Basic DSPy RAG Module

import dspy
from instrument import instrument

# Initialize instrumentation
instrument()

# Configure DSPy with OpenAI
lm = dspy.OpenAI(model="gpt-3.5-turbo", max_tokens=300)
dspy.settings.configure(lm=lm)

# Define a simple RAG signature
class GenerateAnswer(dspy.Signature):
    """Answer questions with short factoid answers."""
    
    context = dspy.InputField(desc="may contain relevant facts")
    question = dspy.InputField()
    answer = dspy.OutputField(desc="often between 1 and 5 words")

# Create a RAG module
class RAG(dspy.Module):
    def __init__(self, num_passages=3):
        super().__init__()
        self.retrieve = dspy.Retrieve(k=num_passages)
        self.generate_answer = dspy.ChainOfThought(GenerateAnswer)
    
    def forward(self, question):
        context = self.retrieve(question).passages
        prediction = self.generate_answer(context=context, question=question)
        return dspy.Prediction(context=context, answer=prediction.answer)

# Use the RAG module
rag = RAG()
response = rag(question="What is the capital of France?")
print(f"Answer: {response.answer}")
print(f"Context: {response.context}")

Complete FastAPI Example

Here’s a production-ready FastAPI application with DSPy:

import os
from dotenv import load_dotenv
import uvicorn
from fastapi import FastAPI
from fastapi.middleware.cors import CORSMiddleware
from pydantic import BaseModel
import dspy

from instrument import instrument

load_dotenv()

# Initialize instrumentation
do_not_instrument = os.getenv("INSTRUMENT_DSPY", "true") == "false"
if not do_not_instrument:
    instrument()

# Configure DSPy
lm = dspy.OpenAI(model="gpt-3.5-turbo", max_tokens=300)
rm = dspy.ColBERTv2(url="http://20.102.90.50:2017/wiki17_abstracts")
dspy.settings.configure(lm=lm, rm=rm)

app = FastAPI(title="DSPy x FastAPI")

environment = os.getenv("ENVIRONMENT", "dev")

if environment == "dev":
    app.add_middleware(
        CORSMiddleware,
        allow_origins=["*"],
        allow_credentials=True,
        allow_methods=["*"],
        allow_headers=["*"],
    )

# Define request/response models
class MessageData(BaseModel):
    question: str
    num_passages: int = 3

class RAGResponse(BaseModel):
    answer: str
    context: list[str]

# RAG signature and module
class GenerateAnswer(dspy.Signature):
    """Answer questions with short factoid answers."""
    context = dspy.InputField(desc="may contain relevant facts")
    question = dspy.InputField()
    answer = dspy.OutputField(desc="often between 1 and 5 words")

class RAG(dspy.Module):
    def __init__(self, num_passages=3):
        super().__init__()
        self.retrieve = dspy.Retrieve(k=num_passages)
        self.generate_answer = dspy.ChainOfThought(GenerateAnswer)
    
    def forward(self, question):
        context = self.retrieve(question).passages
        prediction = self.generate_answer(context=context, question=question)
        return dspy.Prediction(context=context, answer=prediction.answer)

# Initialize module
rag_module = None

@app.on_event("startup")
async def startup_event():
    global rag_module
    rag_module = RAG()

@app.post("/api/rag/query", response_model=RAGResponse)
async def query(payload: MessageData):
    response = rag_module(question=payload.question)
    return RAGResponse(answer=response.answer, context=response.context)

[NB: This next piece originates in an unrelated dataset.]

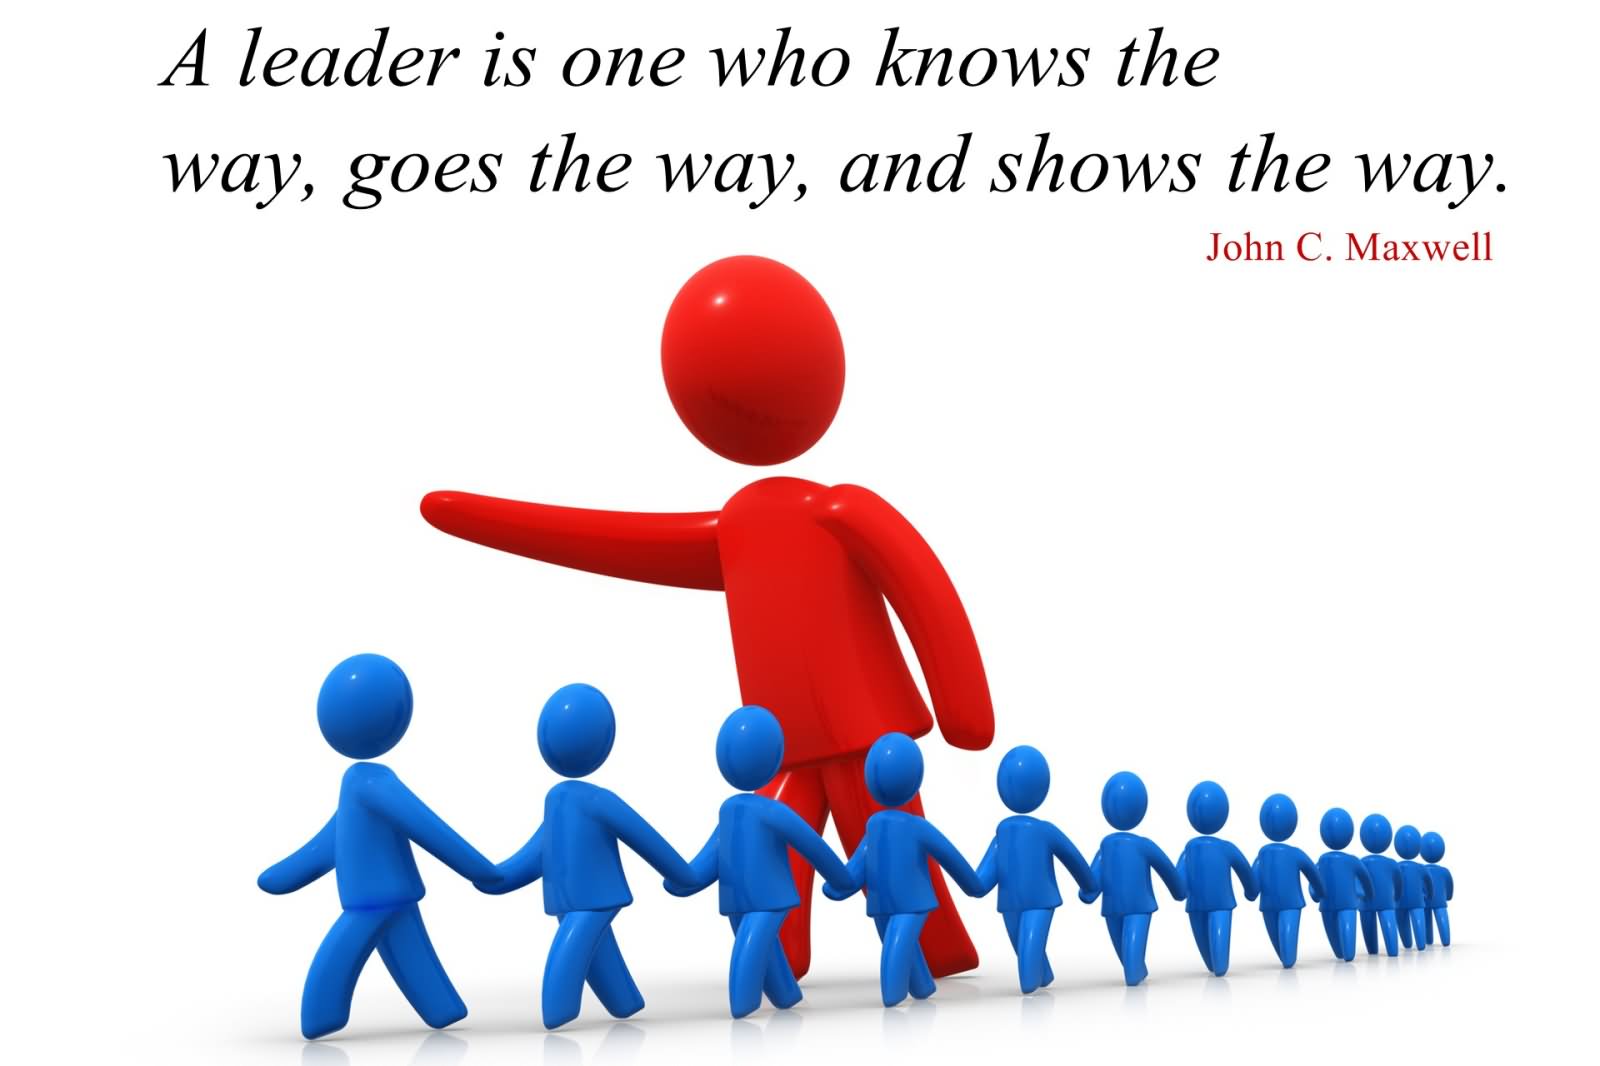 A leader is one who knows the way, goes the way and shows the way.

@app.get("/api/rag/healthcheck")
async def healthcheck():
    return {"message": "All systems go."}

if __name__ == "__main__":
    uvicorn.run(app="main:app", host="0.0.0.0", port=8000, reload=True)

Optimizing with DSPy Compiler

DSPy’s key feature is automatic optimization:

import dspy
from dspy.teleprompt import BootstrapFewShot

# Define training examples
trainset = [
    dspy.Example(question="What is the capital of France?", answer="Paris").with_inputs("question"),
    dspy.Example(question="Who wrote Romeo and Juliet?", answer="Shakespeare").with_inputs("question"),
    dspy.Example(question="What is the largest planet?", answer="Jupiter").with_inputs("question"),
]

# Define validation metric
def validate_answer(example, pred, trace=None):
    answer_match = example.answer.lower() in pred.answer.lower()
    return answer_match

# Compile the RAG module
compiler = BootstrapFewShot(metric=validate_answer, max_bootstrapped_demos=2)
compiled_rag = compiler.compile(RAG(), trainset=trainset)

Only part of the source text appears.